Court Opinion

ID: 6734174
Source: CourtListenerOpinion
Date Created: 2022-07-20 23:16:50.748659+00
Date Added: 2024-06-11T16:01:42.461989
License: Public Domain

VAUGHN, Judge.
We conclude that there were no genuine issues as to any material fact and that defendants were entitled to judgment as a matter of law. We, therefore, affirm the entry of summary judgment.
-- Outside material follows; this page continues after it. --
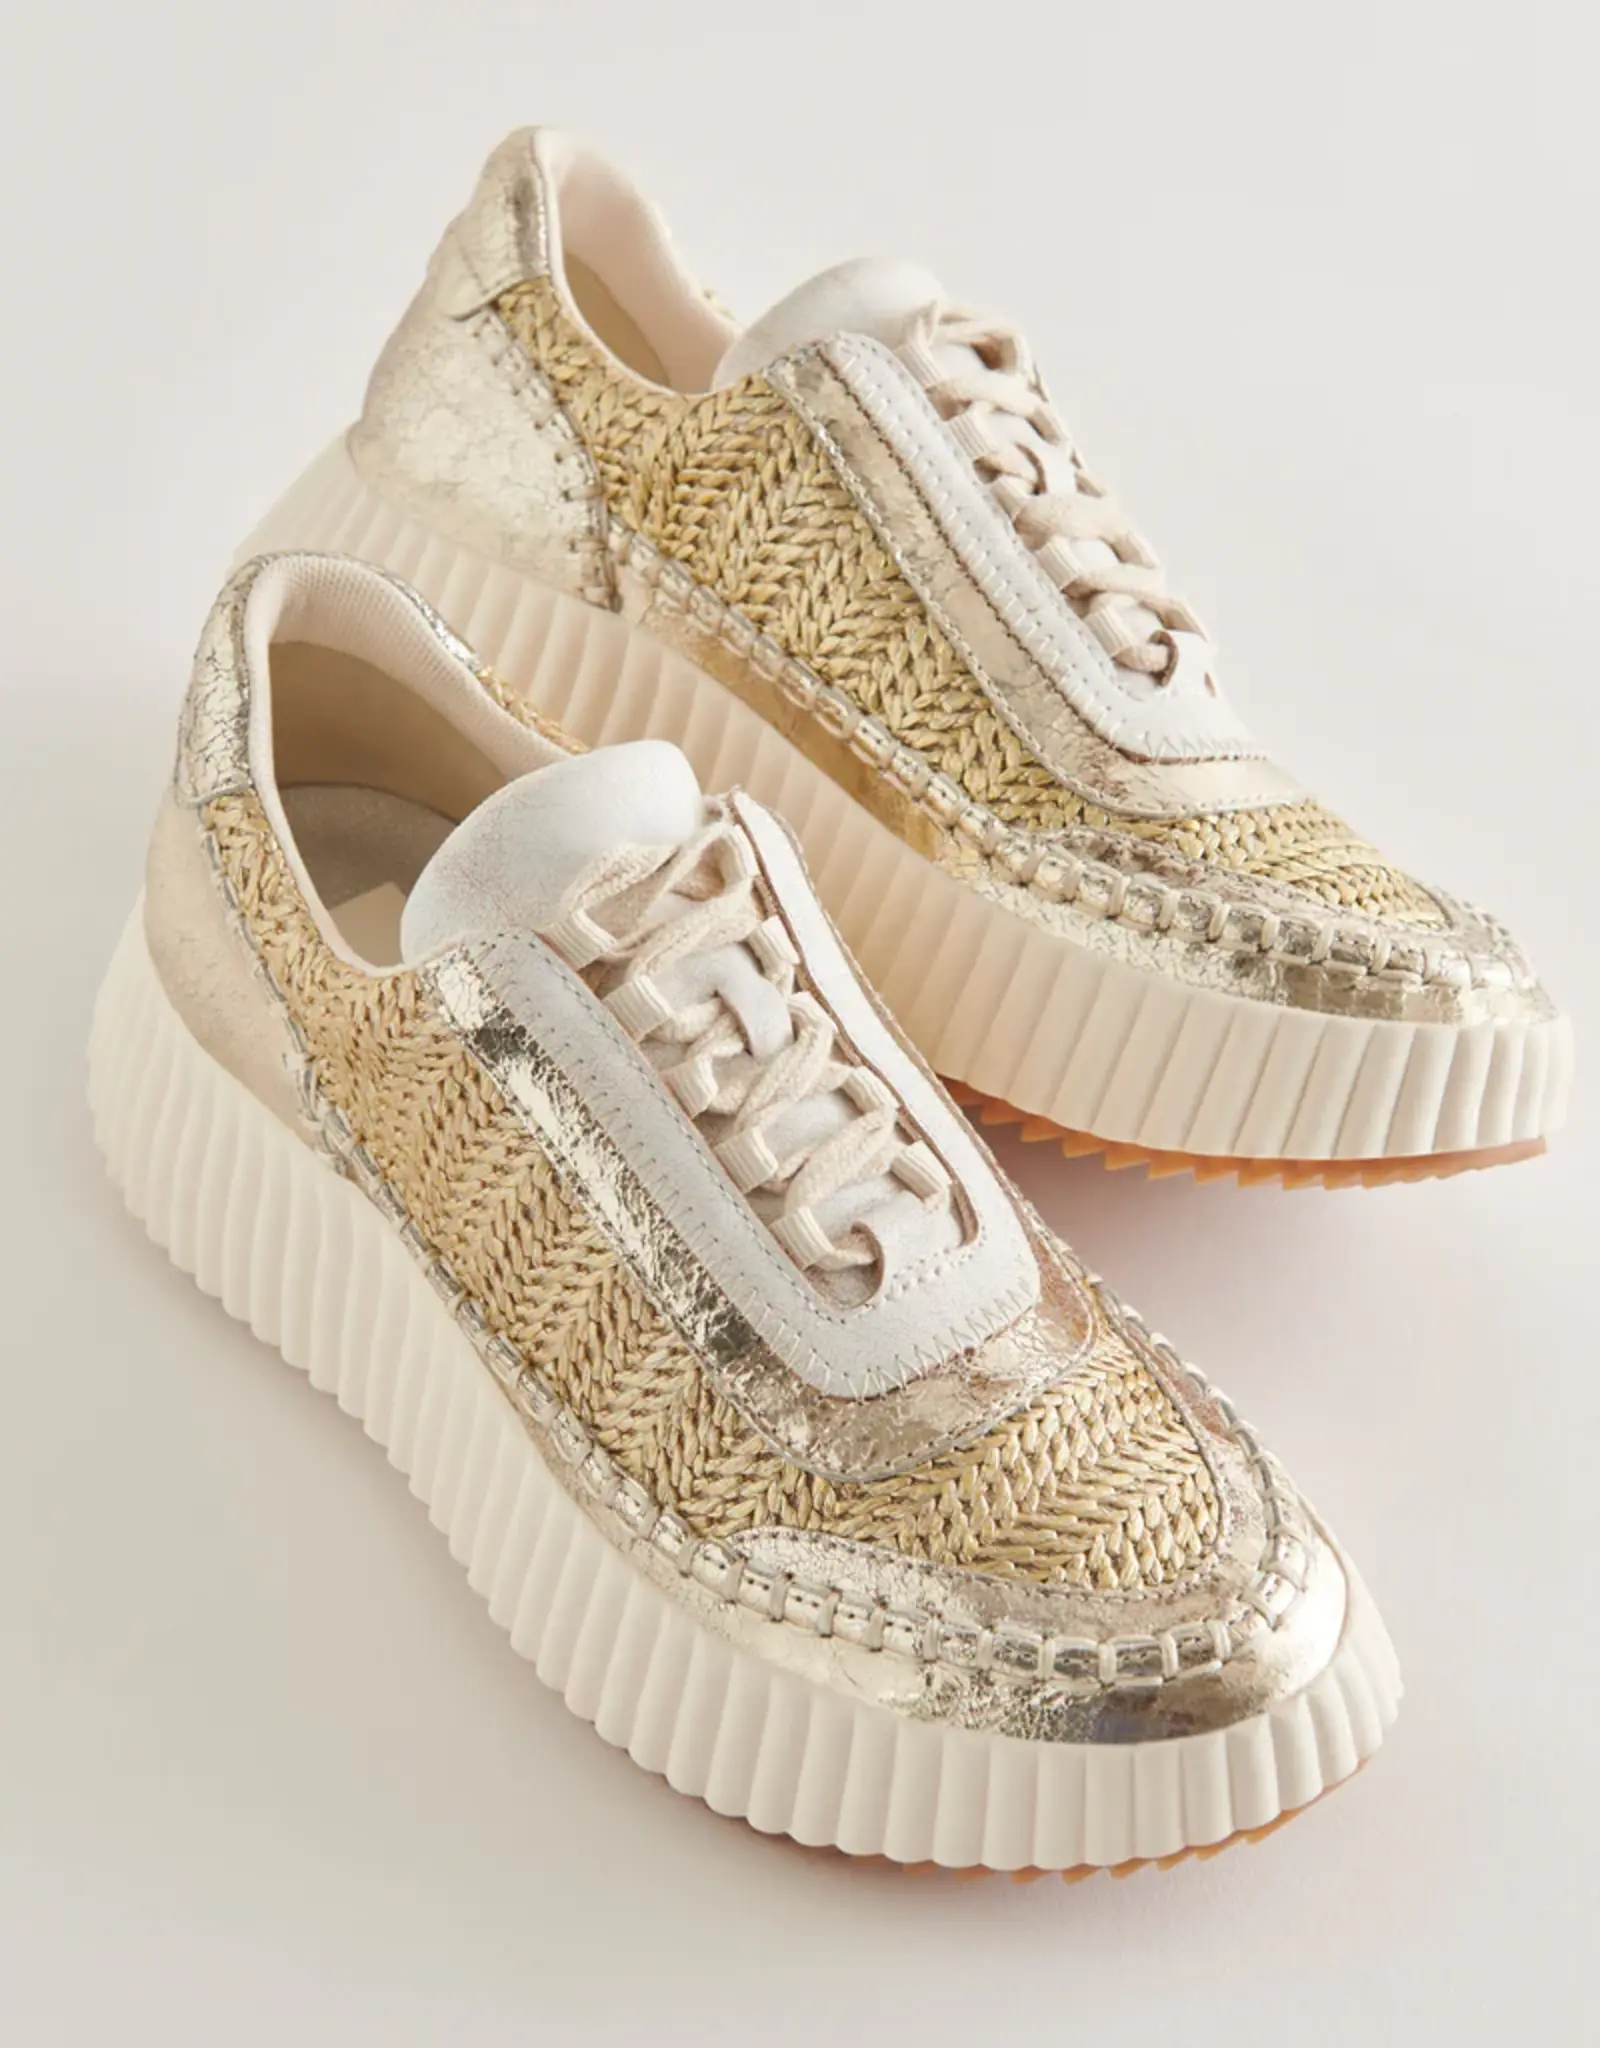 Dolce Vita Dolen Dolce Vita Gold Knit Sneakers

The affidavit of J. R. Bruckman, manager of the Credit and Collection Department of Aero Mayflower Transit Co., states that “the plaintiffs’ goods were shipped in interstate commerce under the provisions of all applicable rules and regulations of the Interstate Commerce Act . . . .” Plaintiffs offered no evidence that this was not so. Indeed, they probably could not do so. The goods were shipped from Washington to North Carolina. U.S.C.A. 49 § 302(a) provides that Part II of the Interstate Commerce Act shall “apply to the transportation of passengers or property by motor carriers engaged in interstate or foreign commerce.” The weight of plaintiffs’ goods and the distance shipped were established by affidavit of the president of Security Storage, Inc. The defendants also offered into evidence copies of Tariff No. 126-A, MF — I.C.C. No. 142, certified by the Secretary of the Interstate Commerce Commission as having full force and effect in 1969 when plaintiffs shipped their goods. By this tariff, defendants were obligated to charge the full amount invoiced by them for cross-country transportation, notwithstanding the original mistake.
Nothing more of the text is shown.